Modifying SDP offered to A leg in SIP response

By default, Srf#createUAC will respond with a 200 OK to the A leg INVITE with the sdp that it received from the B party in the 200 OK on the B leg. In other words, it simply proxies the session description protocol offer from B back to A.

Sometimes, however, it is desirable to transform or modify the SDP received on the B leg before sending it back on the A leg. For this purpose, the opts.localSdpA parameter is available. This parameter can either be a string, containing the sdp to offer in the 200 OK back to the A leg, or it can be a function returning a Promise that resolves to the sdp to return in the 200 OK to the A leg. The function has the signature (sdpB, res), where sdpB is the session description offer we received in the 200 OK from the B party, and res is the response object we received on the B leg.

Rather than include an example here, please refer to the source code for the drachtio-b2b-media-proxy application, which is a simple B2BUA that uses rtpengine to proxy the media. This is a great example of when you would want to transform the SDP from B before returning the final session description offer to A.

Choosing not to propagate failure from B leg

By default, if we get a final SIP non-success from the B party it will be propagated back to the A party. There are times where we would prefer not to do so; for instance, if having failed to connect the A party to one endpoint or phone number, we would now wish to try another.

Setting opts.passFailure to value of false enables this behavior.

srf.invite((req, res) => {
  srf.createB2BUA(req, res, 'sip:1234@10.10.100.1', {localSdpB: req.body, passFailure: false})
    .then({uas, uac} => {
      console.log('call connected to primary destination');
    })
    .catch((err) => {
      // try backup if we got a sip non-success response and the caller did not hang up
      if (err.status !== 487) {
        console.log(`failed connecting to primary, will try backup: ${err}`);
        srf.createB2BUA(req, res, 'sip:1234@10.10.100.2', {
          localSdpB: req.body}
        })
        .then({uas, uac} => {
          console.log('call connected to backup destination');
        })
        catch((err) => {
          console.log(`failed connecting to backup uri: ${err}`);
        });
      }
    });
  });

Note that we had to check that the reason for the failure connecting our first attempt was not a 487 Request Cancelled, because this is the error we receive when the caller (A party) hung up before we connected the B party. In that case, we no longer would want to attempt a backup destination.

This also answers a related question you may have had: what happens when the A part hangs up before connected, and does our app need to do anything specifically to cancel the B leg when the A leg cancels? The answer to the latter is no, the drachtio framework will automatically cancel the B leg if the A leg is canceled.

Subscribe Dialogs

SUBSCRIBE requests also establish SIP Dialogs, as per RFC 3265.

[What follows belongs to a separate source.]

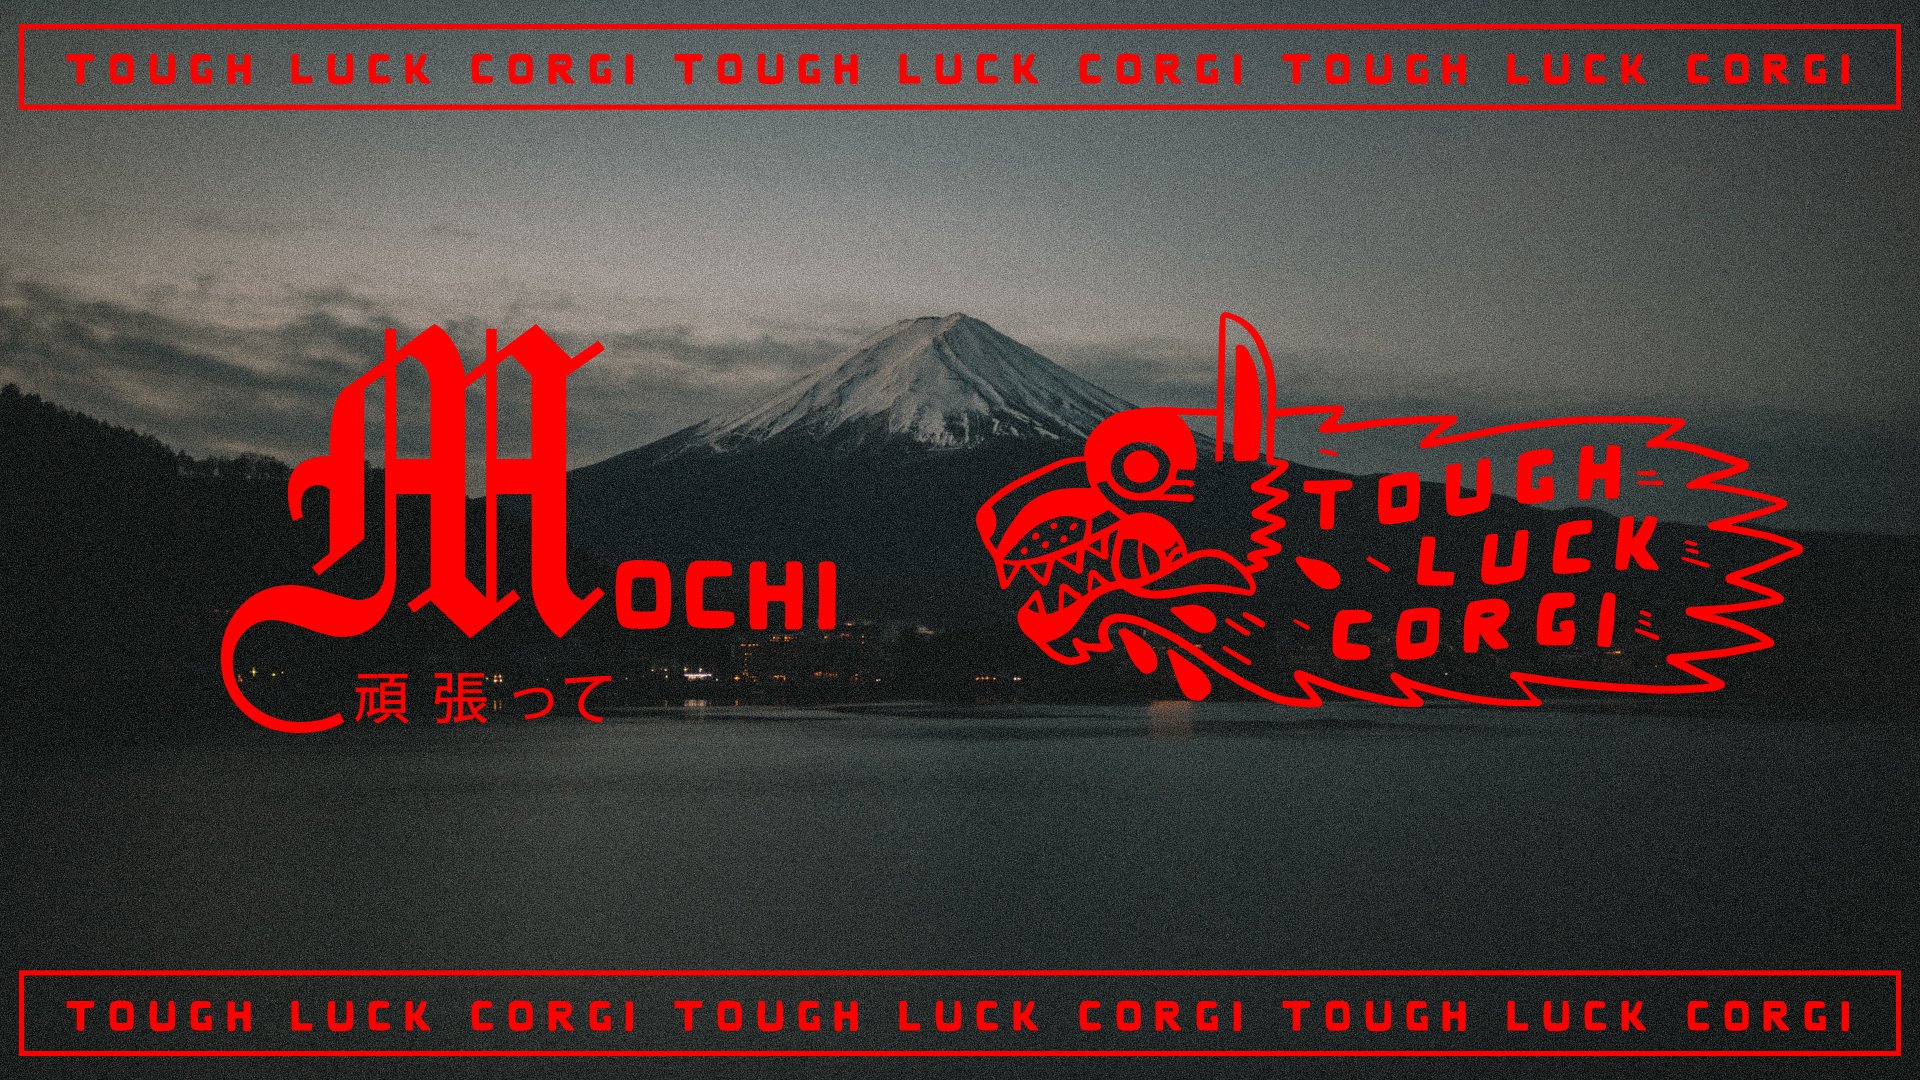 Mochi CompsArtboard 1 copy 2.jpg

A UAC (the subscriber) sends a SUBSCRIBE request with an Event header indicating the event that is being subscribed to, and the UAS (the notifier) responds with a 202 Accepted response. The UAS should then immediately send a NOTIFY to the UAC of the current state of the requested resource. To terminate a SUBSCRIBE dialog, the UAS sends a NOTIFY request with Subscription-State: terminated; while a UAC would send another SUBSCRIBE with an Expires: 0.

The dialog produced by the Srf#createUAS method will be a SUBSCRIBE dialog if the request was a SUBSCRIBE. While the Srf#createUAS method call will send a 202 Accepted, it does not send the initial NOTIFY request that should follow -- the application must do that, since the content can only be determined by the application itself.

srf.subscribe((req, res) => {
  srf.createUAS(req, res, {
    {
      headers: {'Expires': req.get('Expires')
    }  
  })
    .then((dialog) => {
      dialog.on('destroy', () => console.log('remote party terminated dialog'));

      // send initial NOTIFY
      let myContent = 'some content reflecting current resource state..';

      return dialog.request({
        method: 'NOTIFY',
        headers: {
          'Subscription-State': 'active',
          'Event': req.get('Event'),
          'Content-Type': 'application/pidf+xml' // or whatever
        },
        body: myContent
      });
    });
});

Pro tip: If you need to query a dialog to see whether it is an INVITE or a SUBSCRIBE dialog, you can use the dialogType (read-only) property of the Dialog object to determine that.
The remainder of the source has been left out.